_Material for this task_.
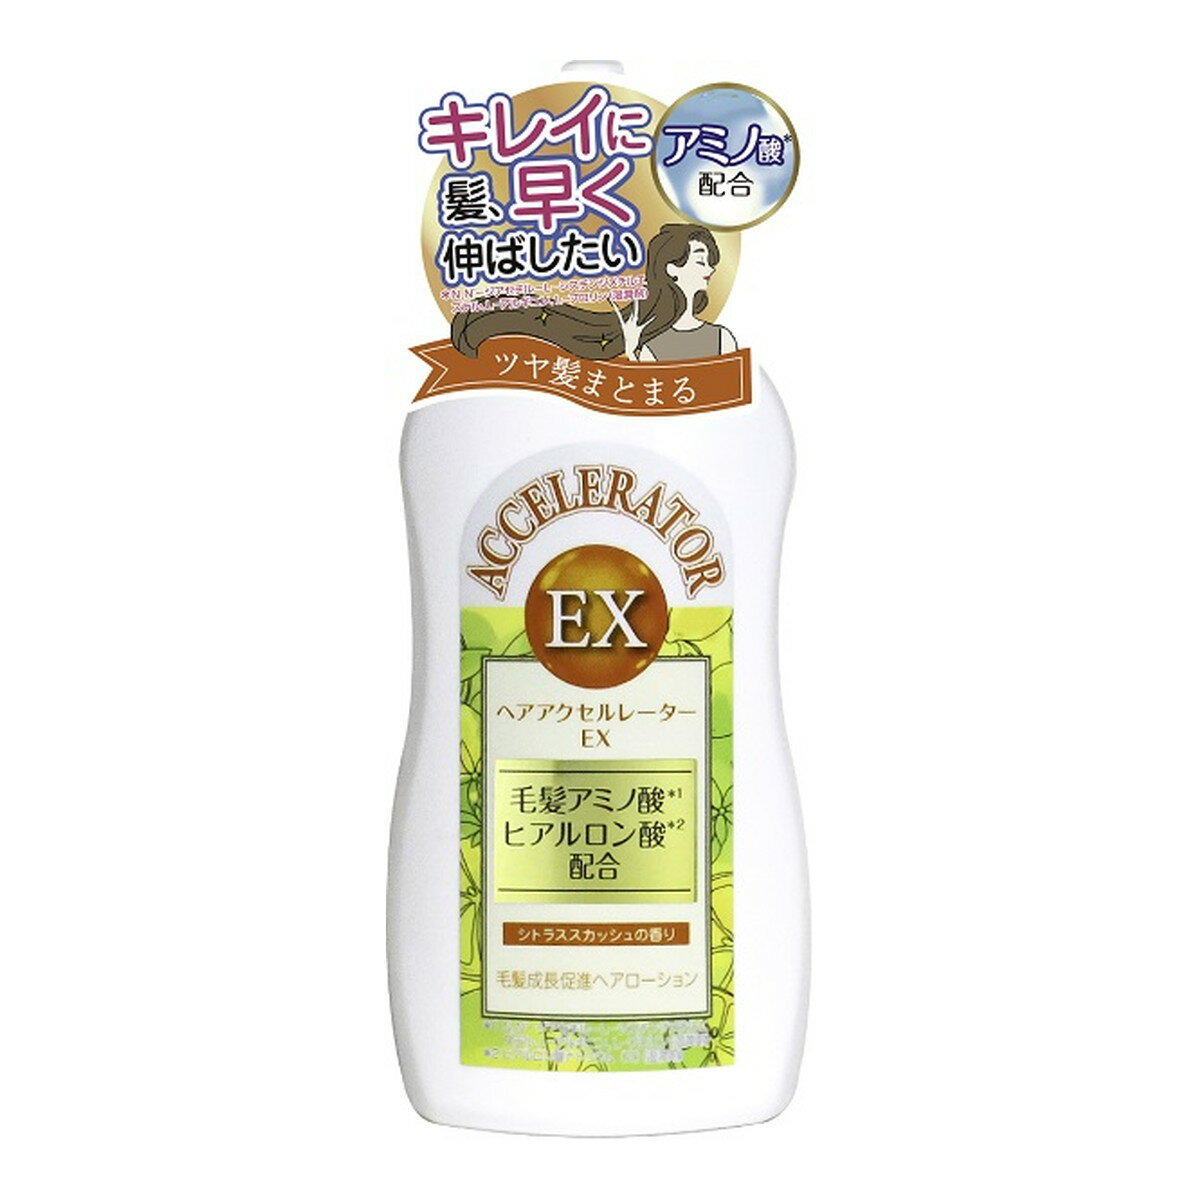 【送料込】加美乃素本舗 ヘアアクセルレーターEX シトラススカッシュの香り 150ml 1個
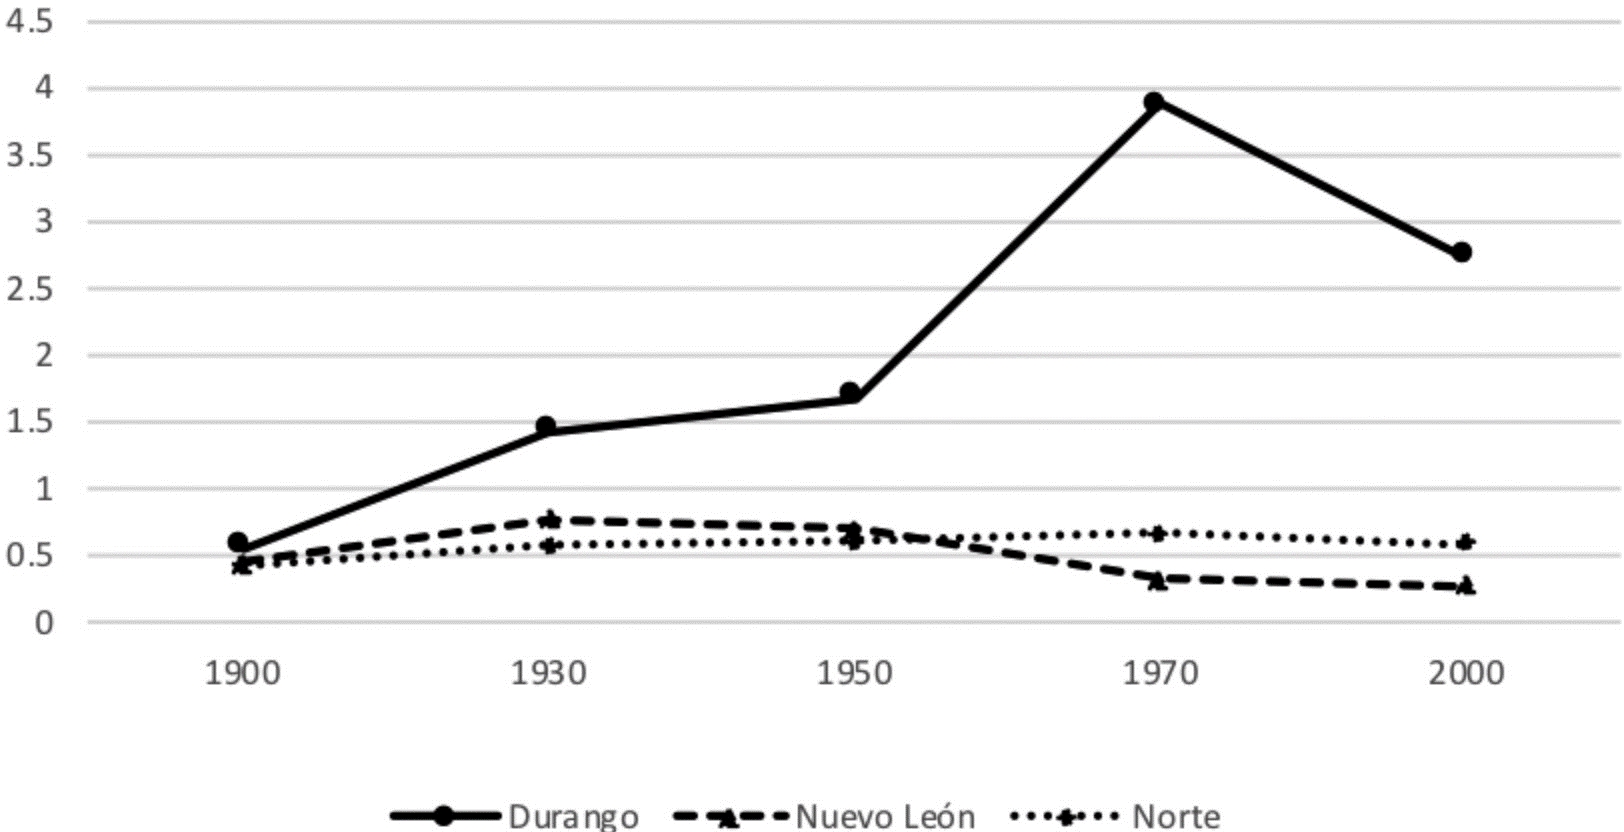 Saldo de la migración
interna en el Norte 1900-2000 

(número de emigrantes entre número de
inmigrantes)

_The task_. Retype the listing exactly. Leave out its pictures.

_Answer space_.
 【送料込】加美乃素本舗 ヘアアクセルレーターEX シトラススカッシュの香り 150ml 1個
 Saldo de la migración
interna en el Norte 1900-2000 

(número de emigrantes entre número de
inmigrantes)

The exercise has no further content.